## Work task
Print exactly what appears from the line containing "Birefringence compensated integrated" through the final line of the data below, pictures excluded.

## Dataset excerpts
---

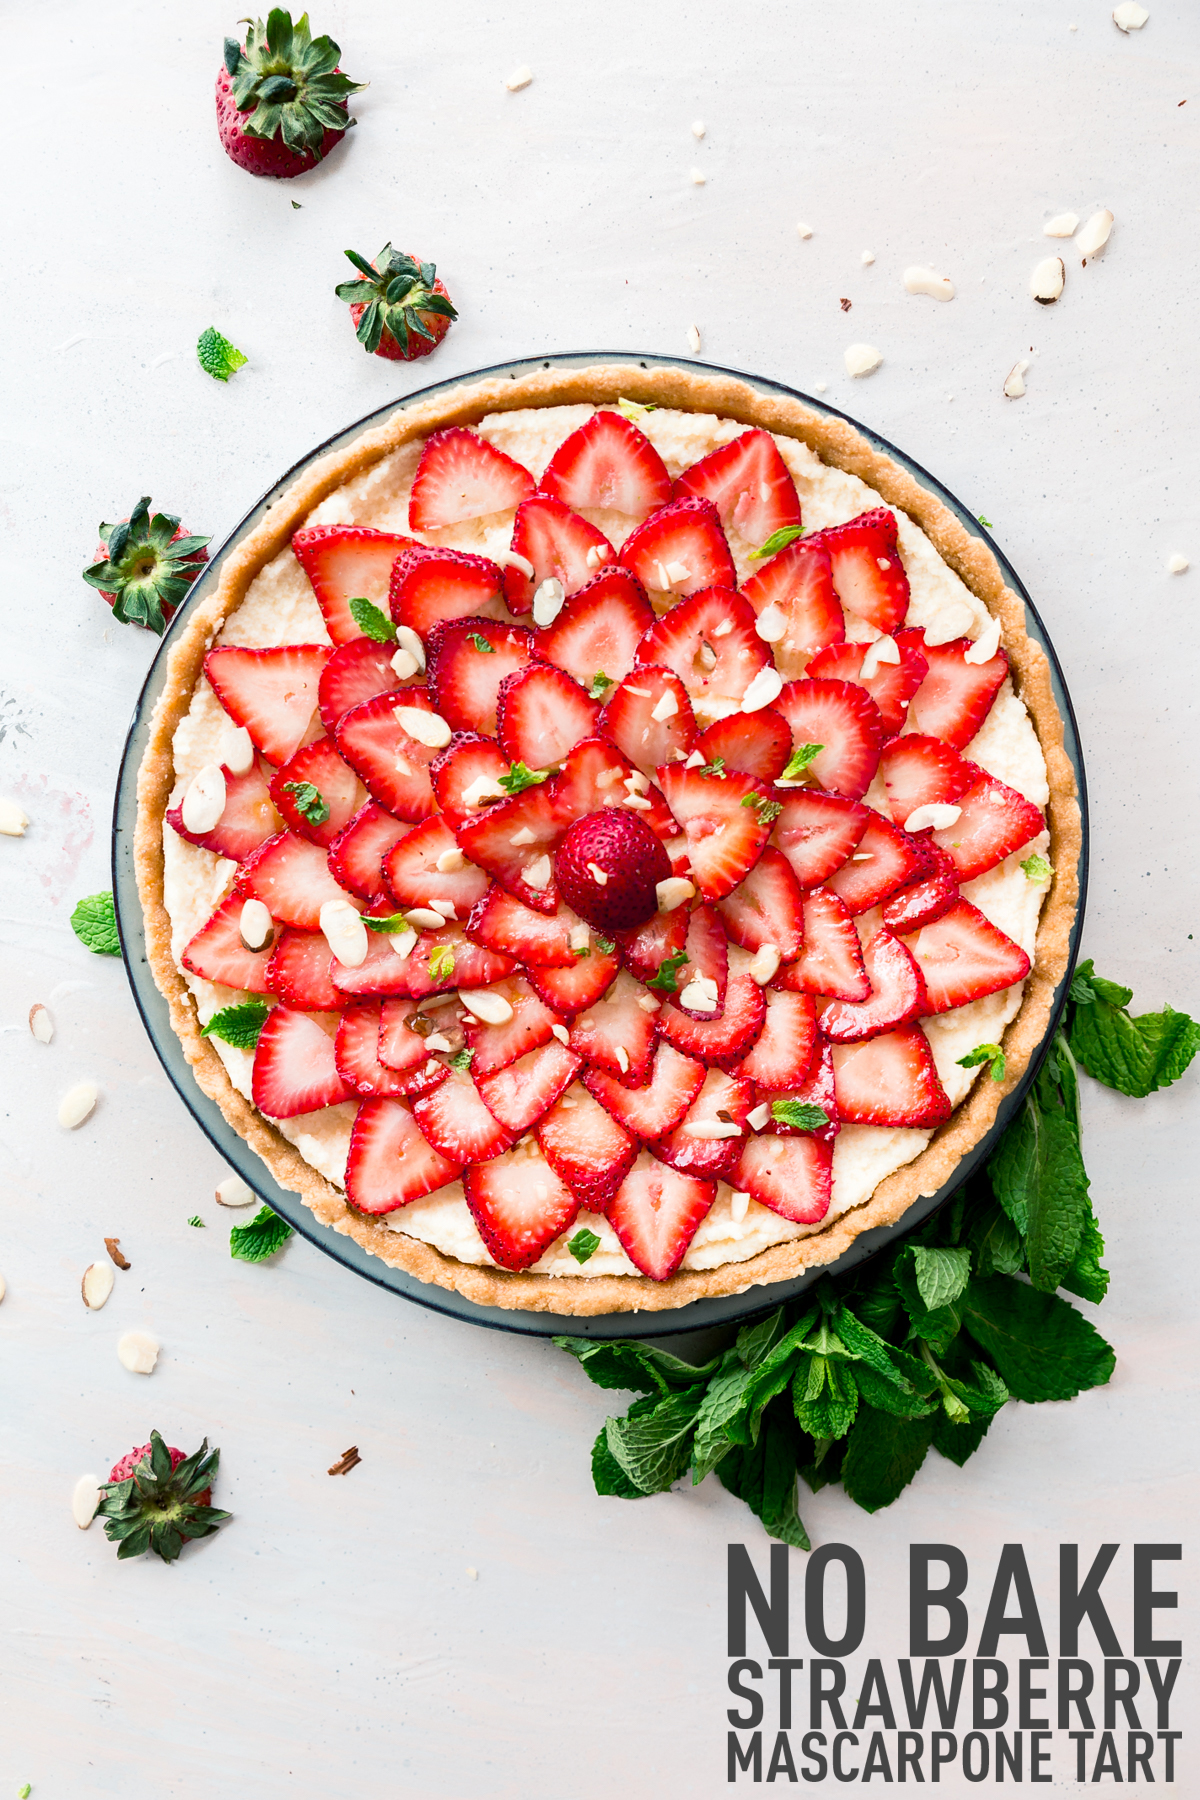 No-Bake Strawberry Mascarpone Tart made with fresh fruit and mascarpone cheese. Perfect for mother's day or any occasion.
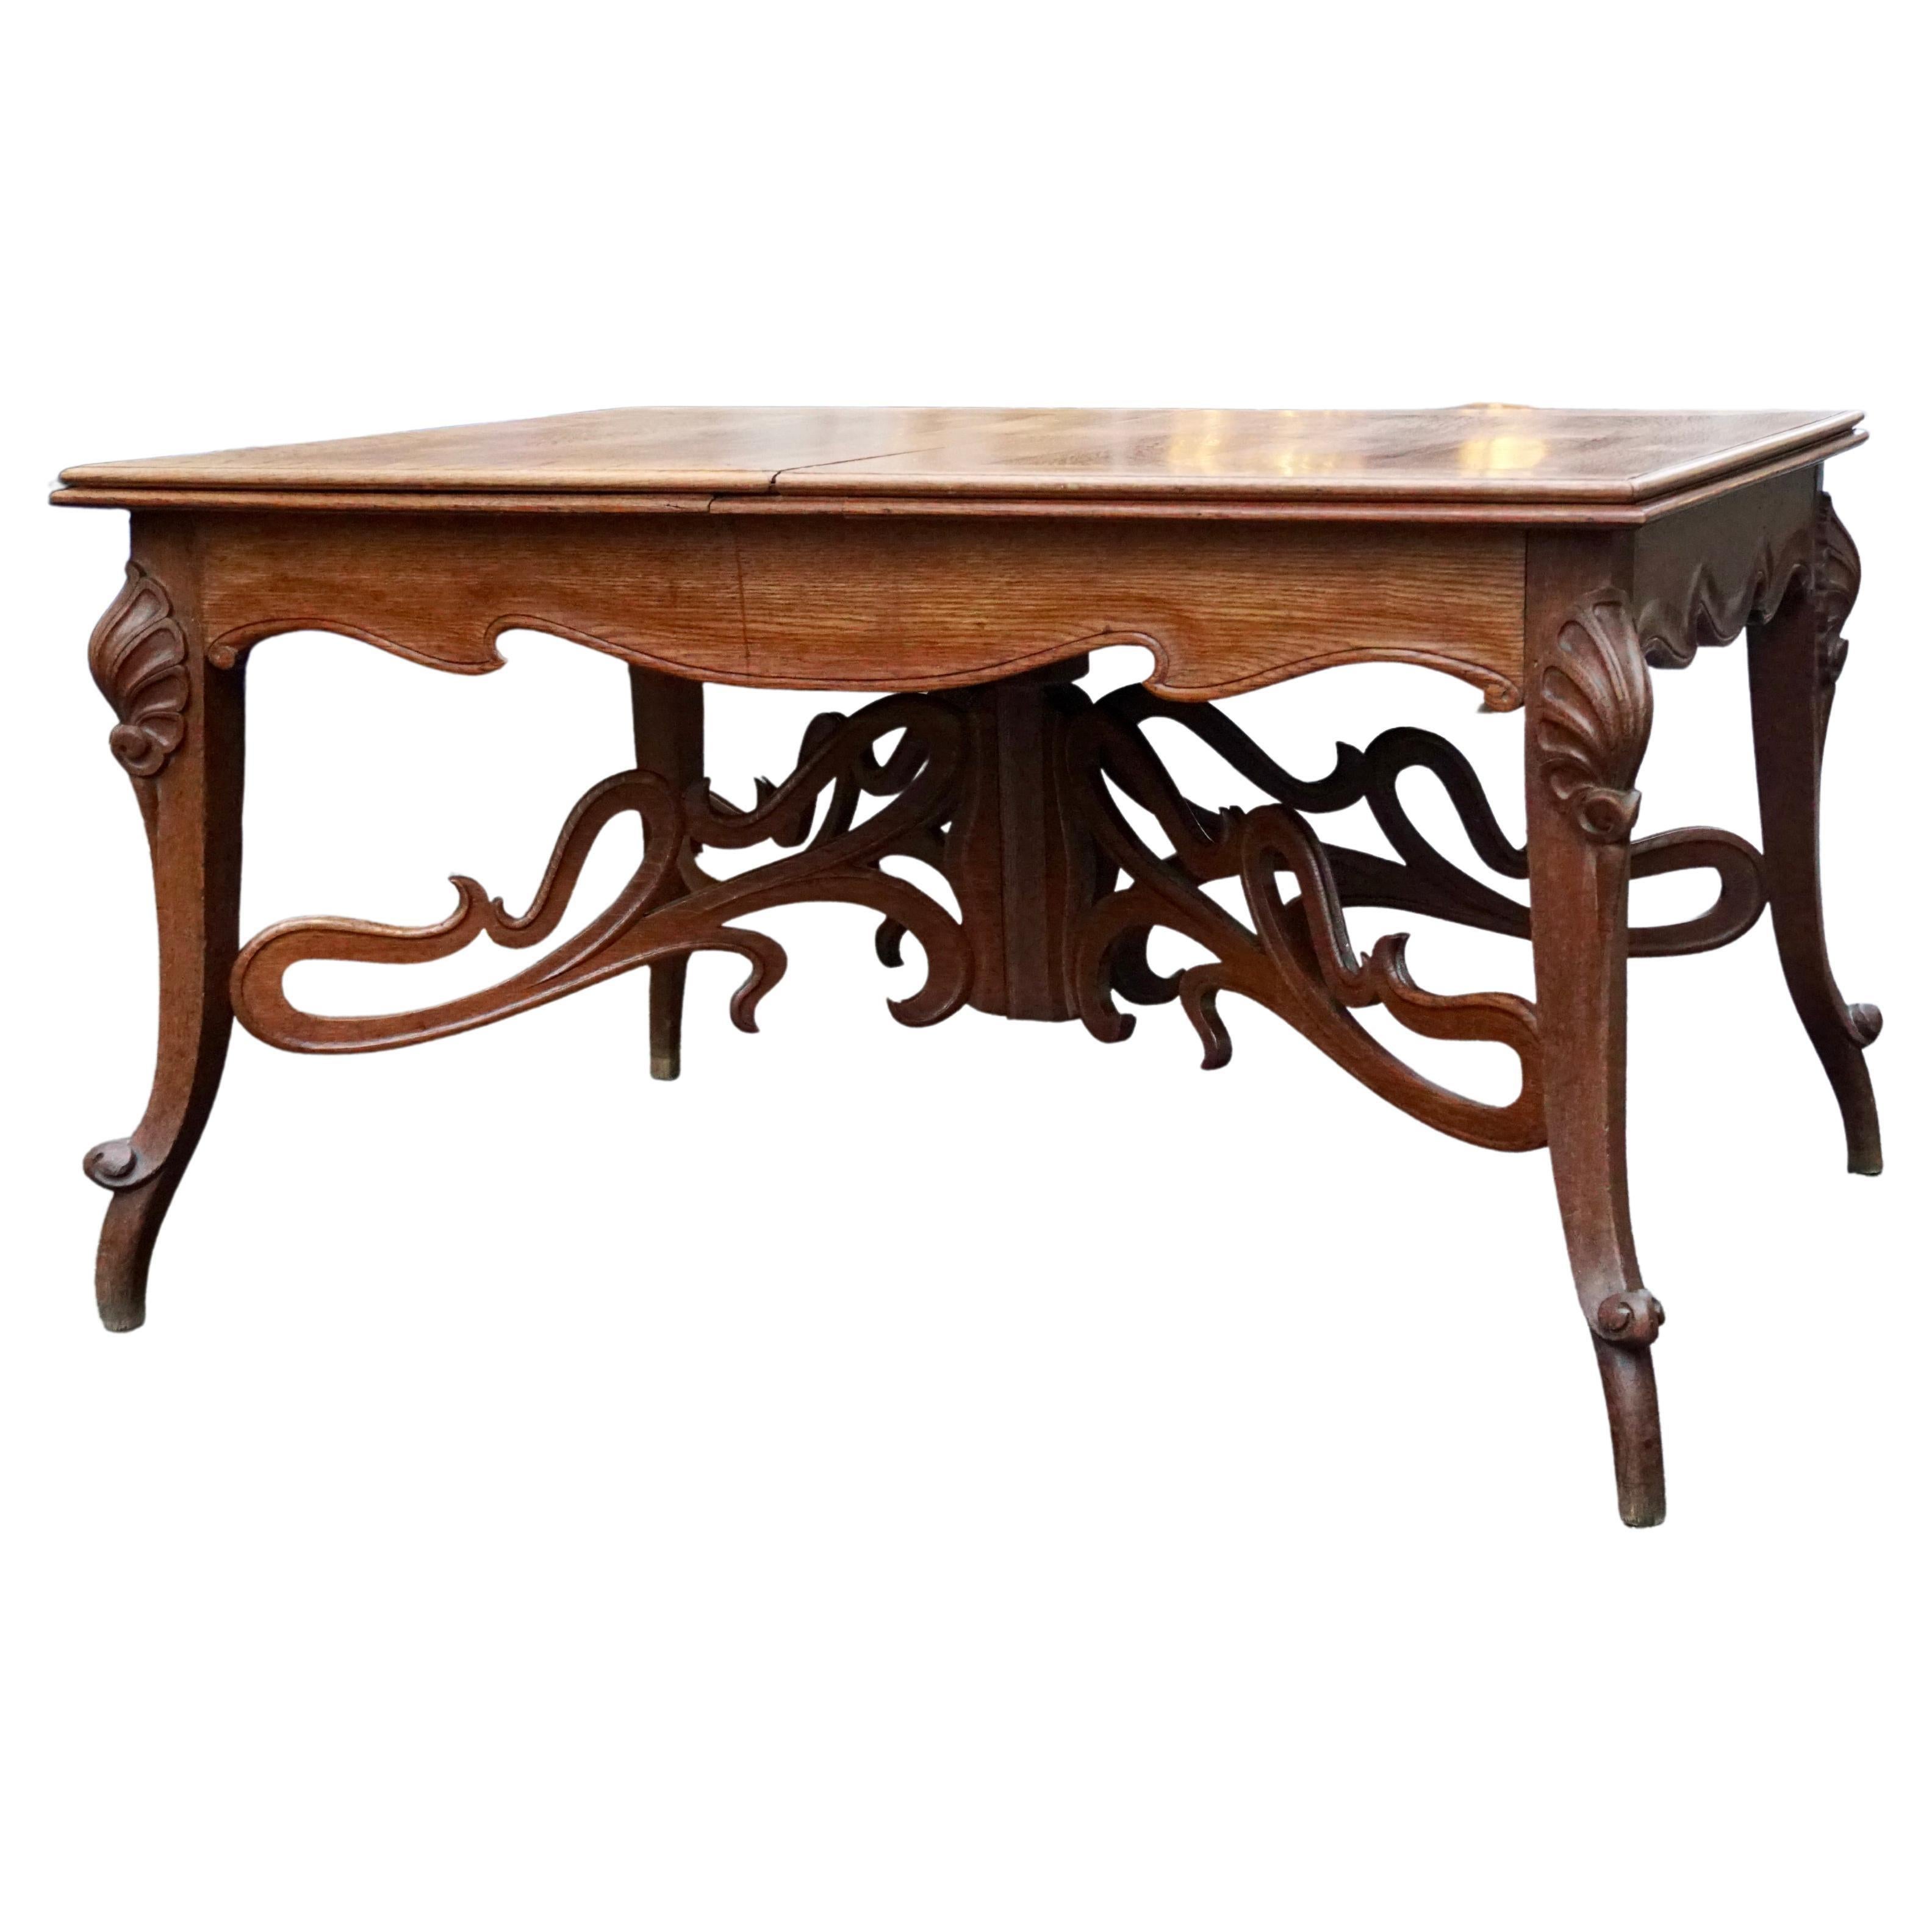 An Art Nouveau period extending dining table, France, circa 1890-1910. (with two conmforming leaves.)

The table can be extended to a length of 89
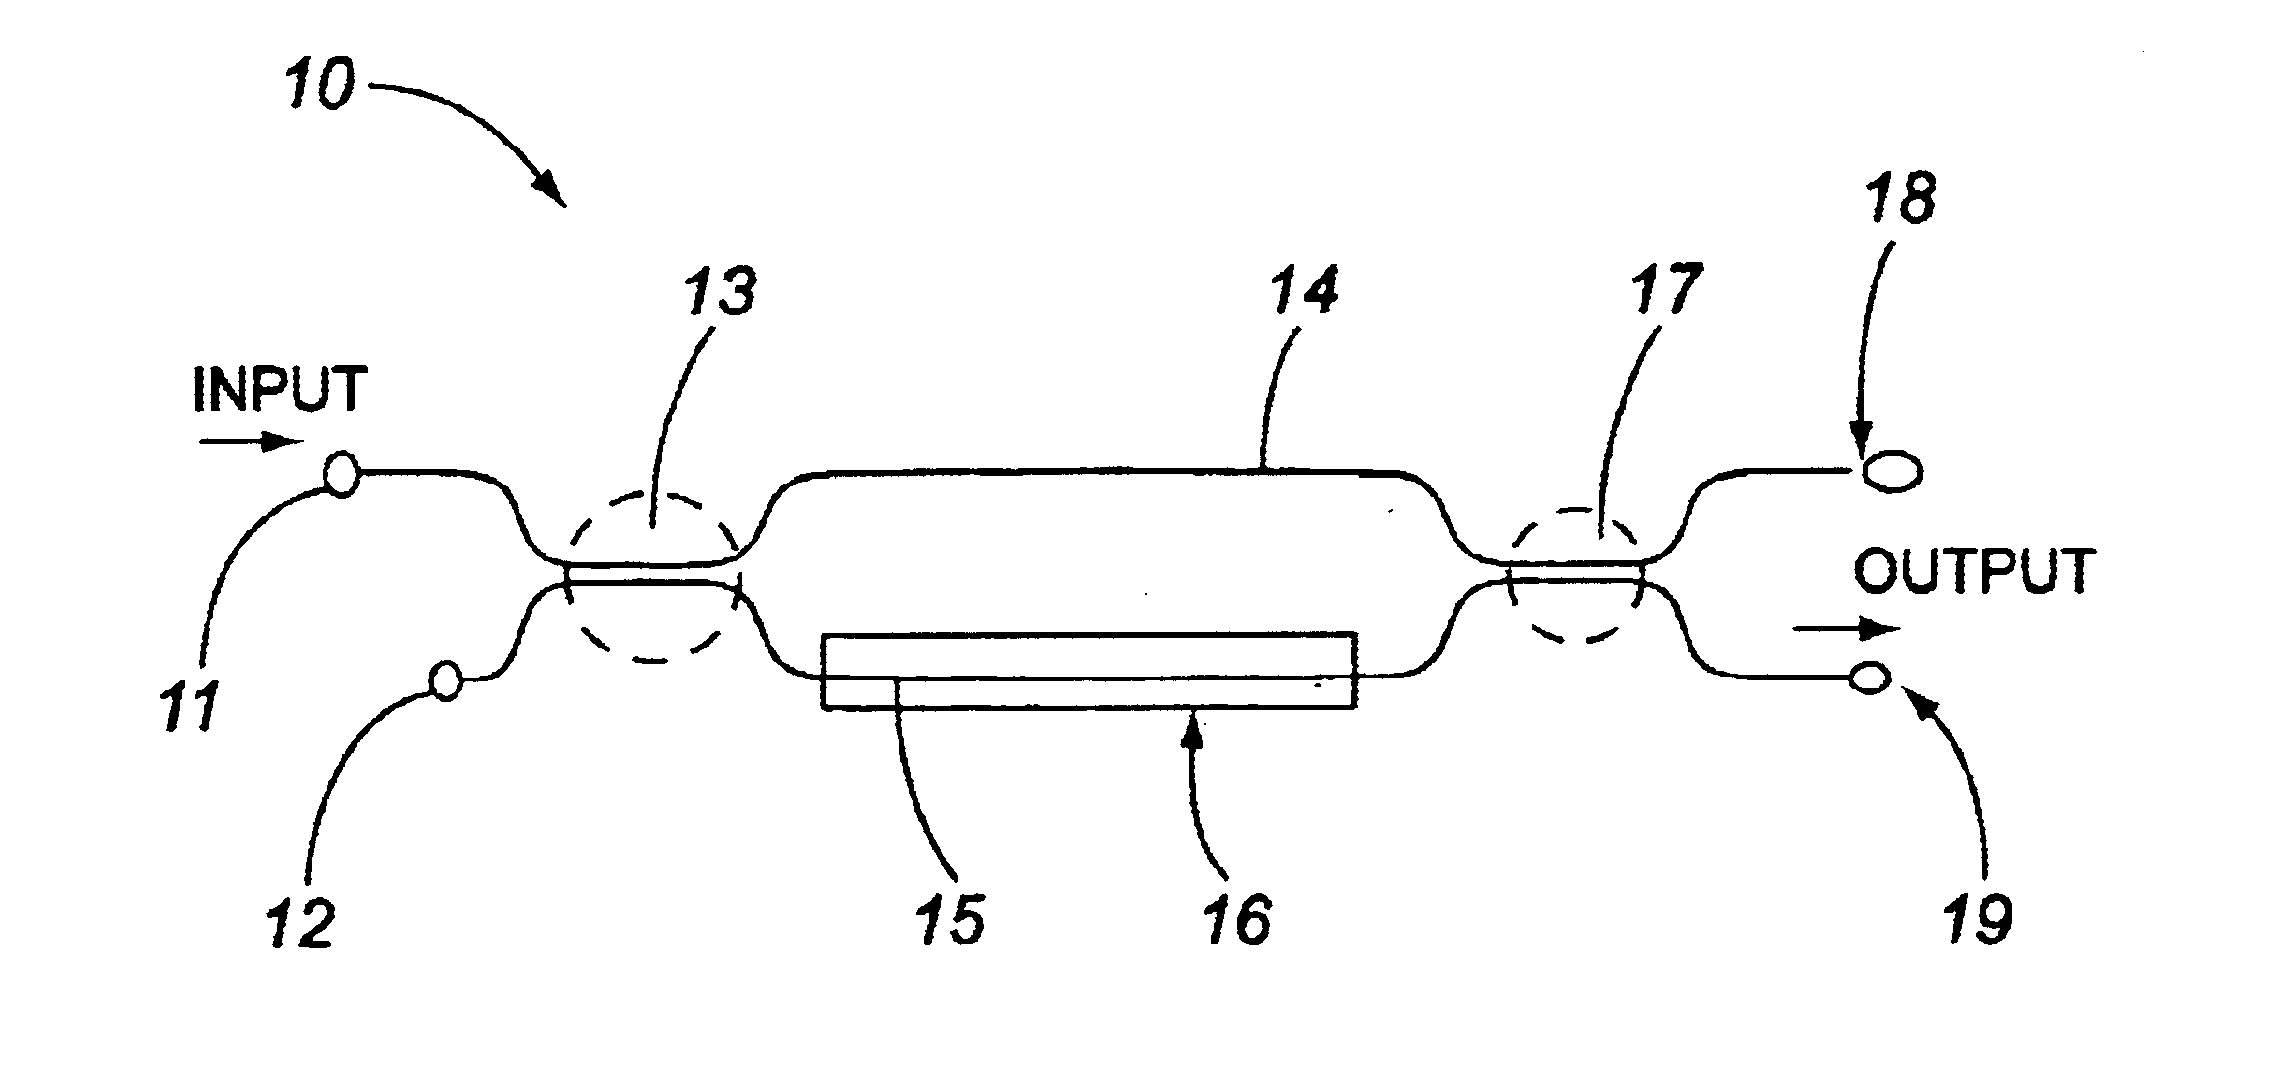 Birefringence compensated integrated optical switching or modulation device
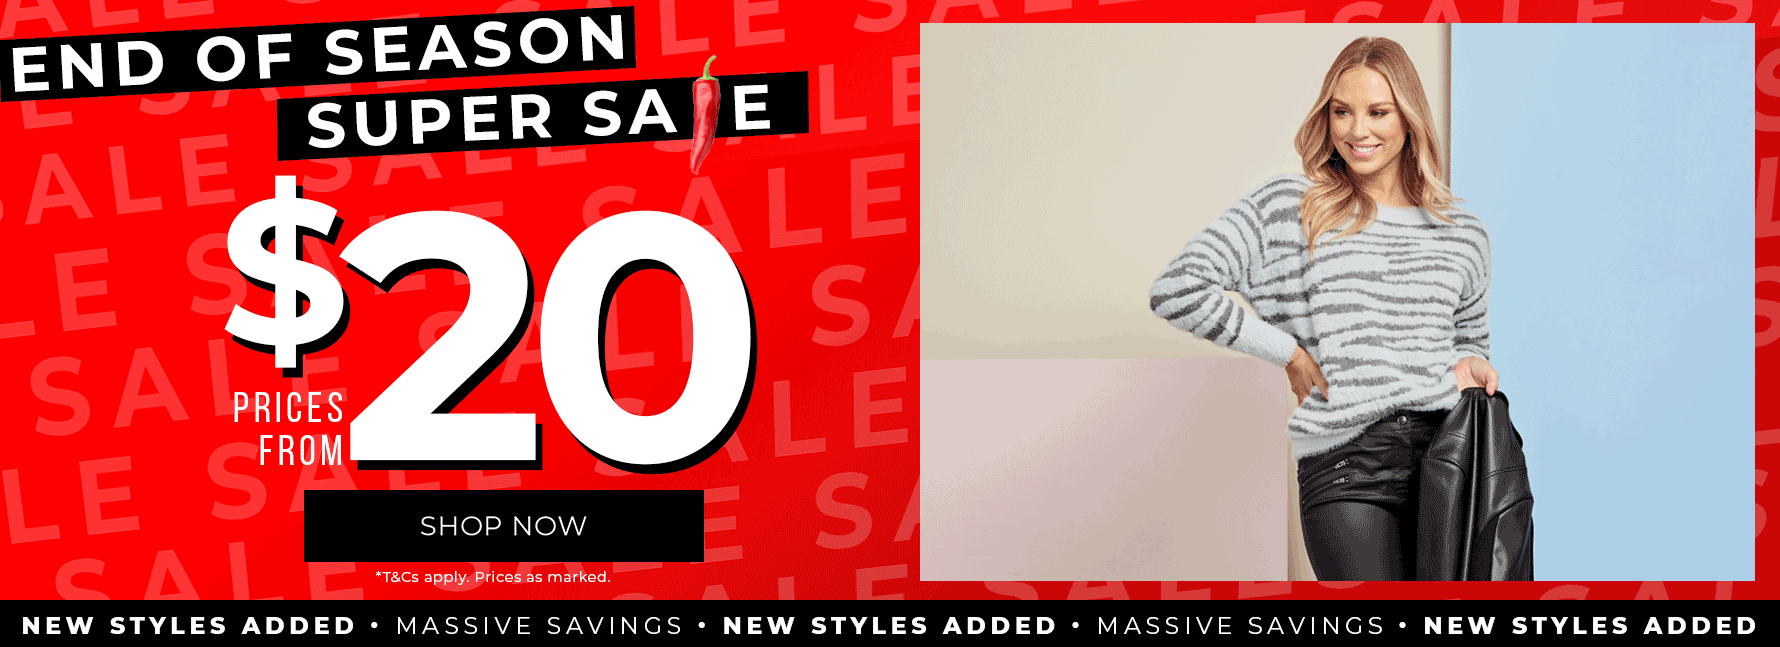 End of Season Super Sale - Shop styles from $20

---

## Answer area
 Birefringence compensated integrated optical switching or modulation device
 End of Season Super Sale - Shop styles from $20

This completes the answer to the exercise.